### About this task
Pictures aside, please retype the whole listing word for word.

Top of Material provided

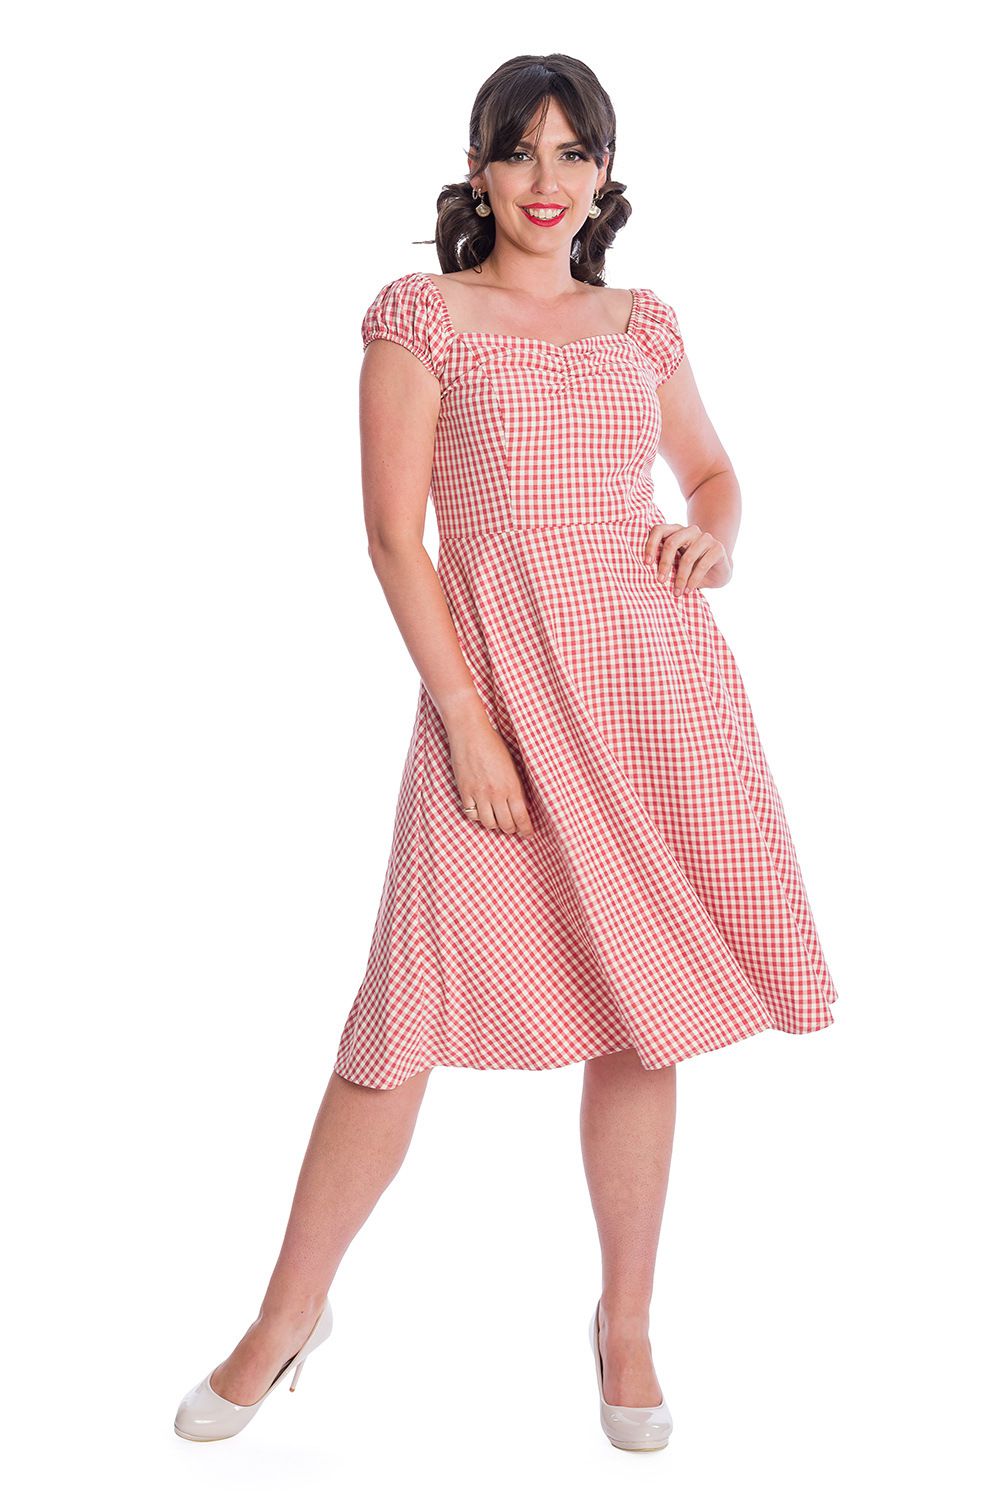 BNDR16623_robe-retro-pinup-50-s-rockabilly-banned-gingham-picnic
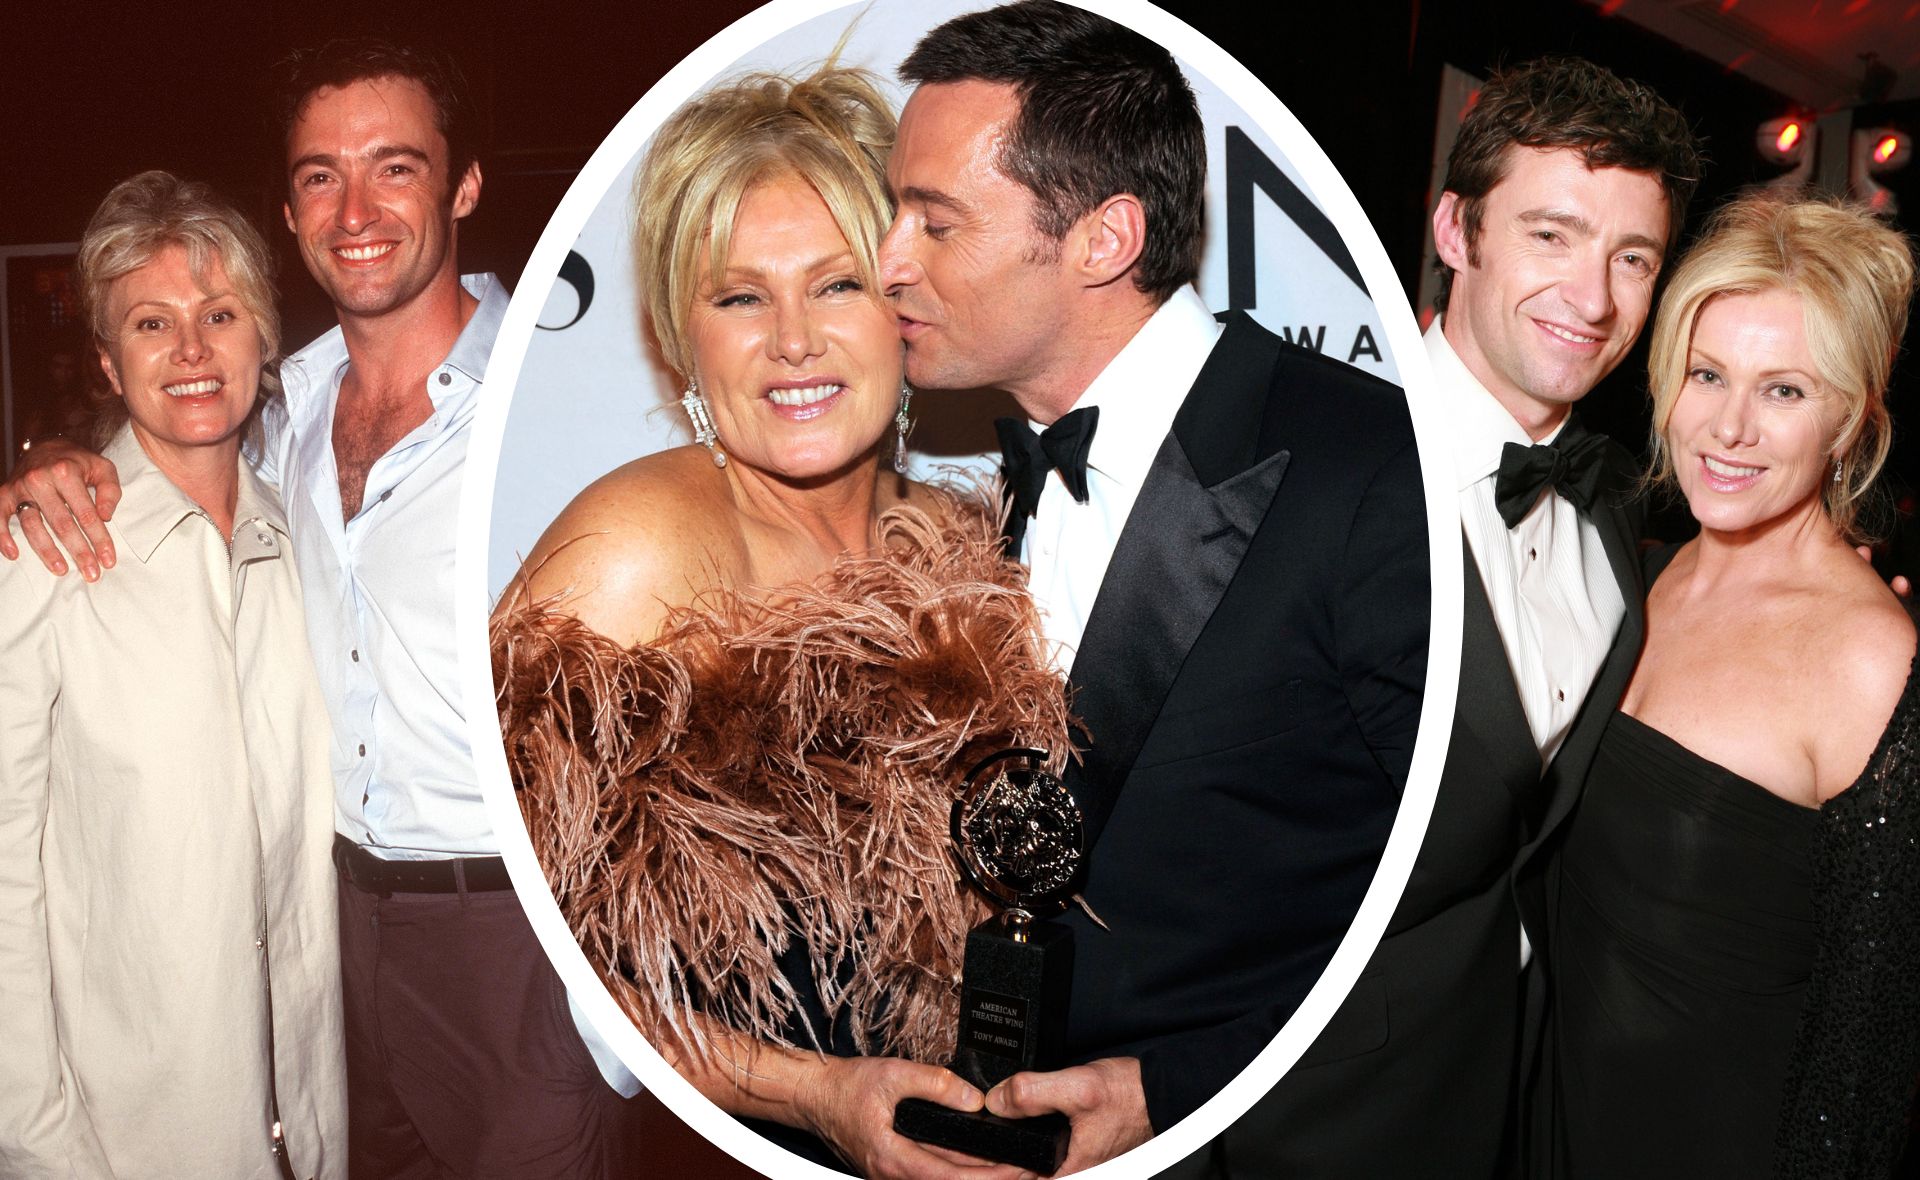 Hugh Jackman’s long-lasting love for Deborra-Lee Furness is proof that Hollywood marriages can last
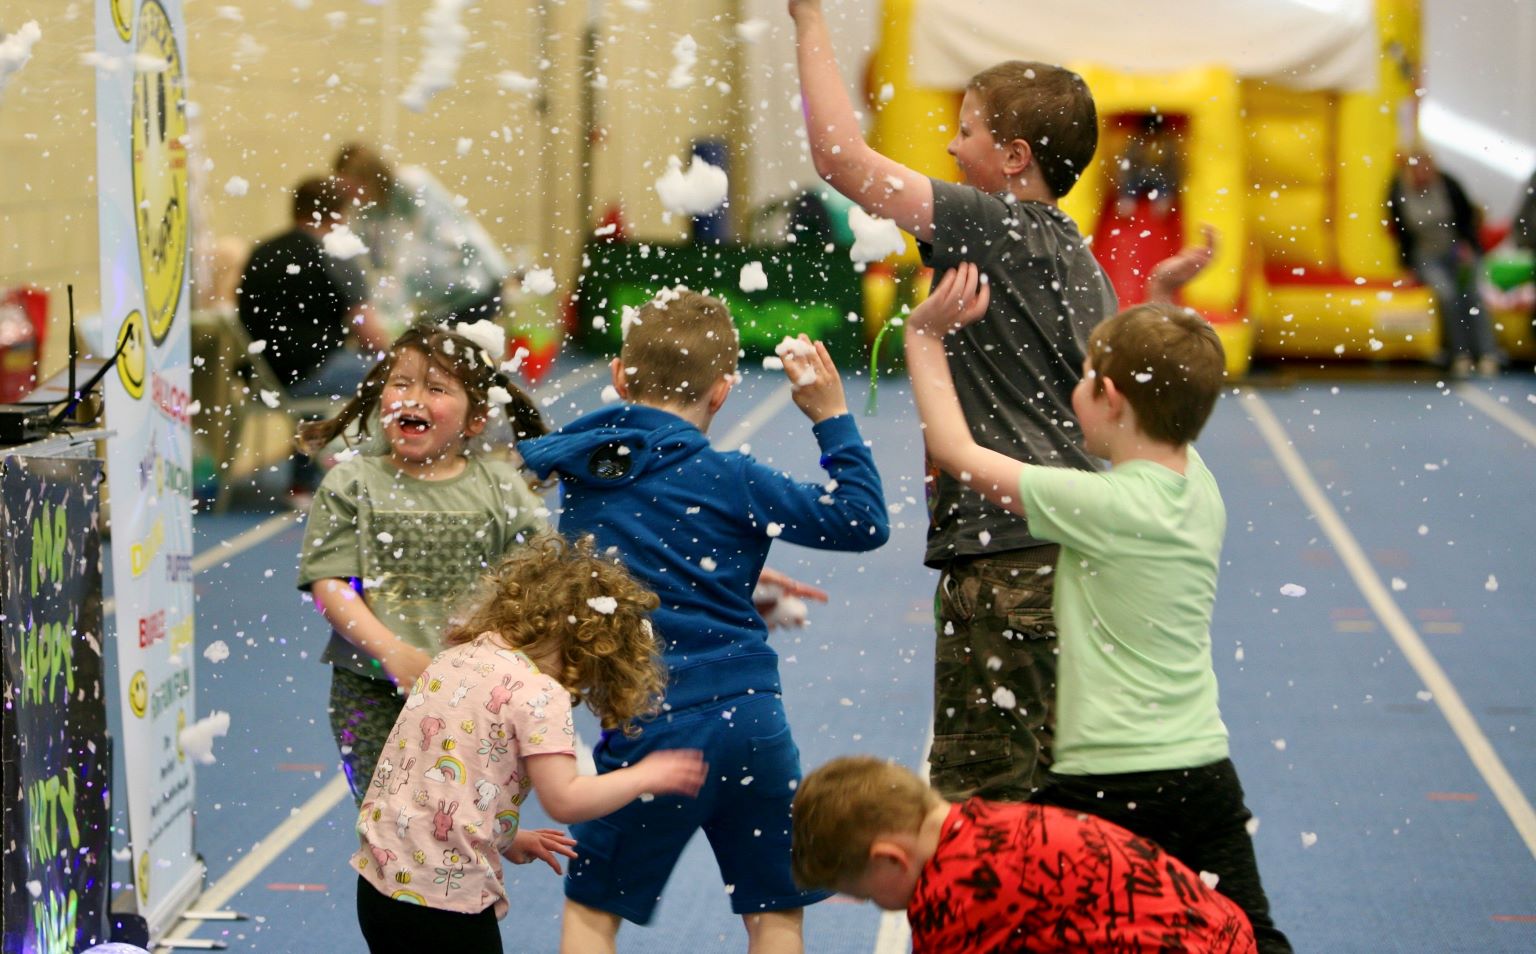 Five children are at a party in a sports centre. In the background there is a bouncy castle. They are laughing and enjoying themselves. Some are jumping up and down and waving their arms. They are catching snow from a snow machine.
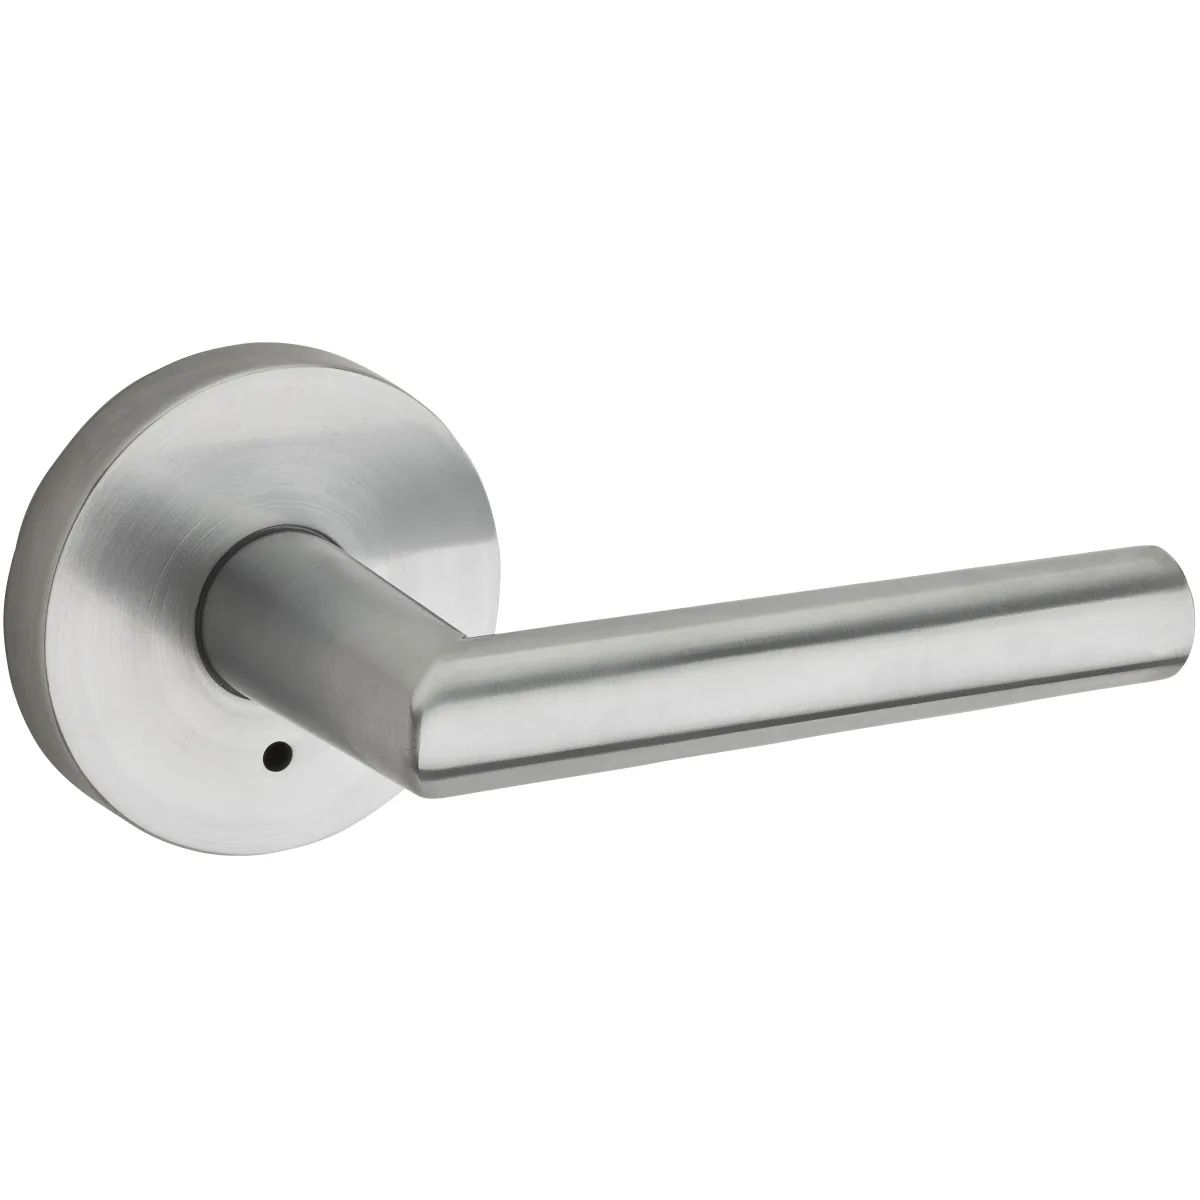 Milan Privacy Door Lever Set with Push Button Lock and Emergency Egress | Build.com, Inc.

Bottom of Material provided

### Response to the task
 BNDR16623_robe-retro-pinup-50-s-rockabilly-banned-gingham-picnic
 Hugh Jackman’s long-lasting love for Deborra-Lee Furness is proof that Hollywood marriages can last
 Five children are at a party in a sports centre. In the background there is a bouncy castle. They are laughing and enjoying themselves. Some are jumping up and down and waving their arms. They are catching snow from a snow machine.
 Milan Privacy Door Lever Set with Push Button Lock and Emergency Egress | Build.com, Inc.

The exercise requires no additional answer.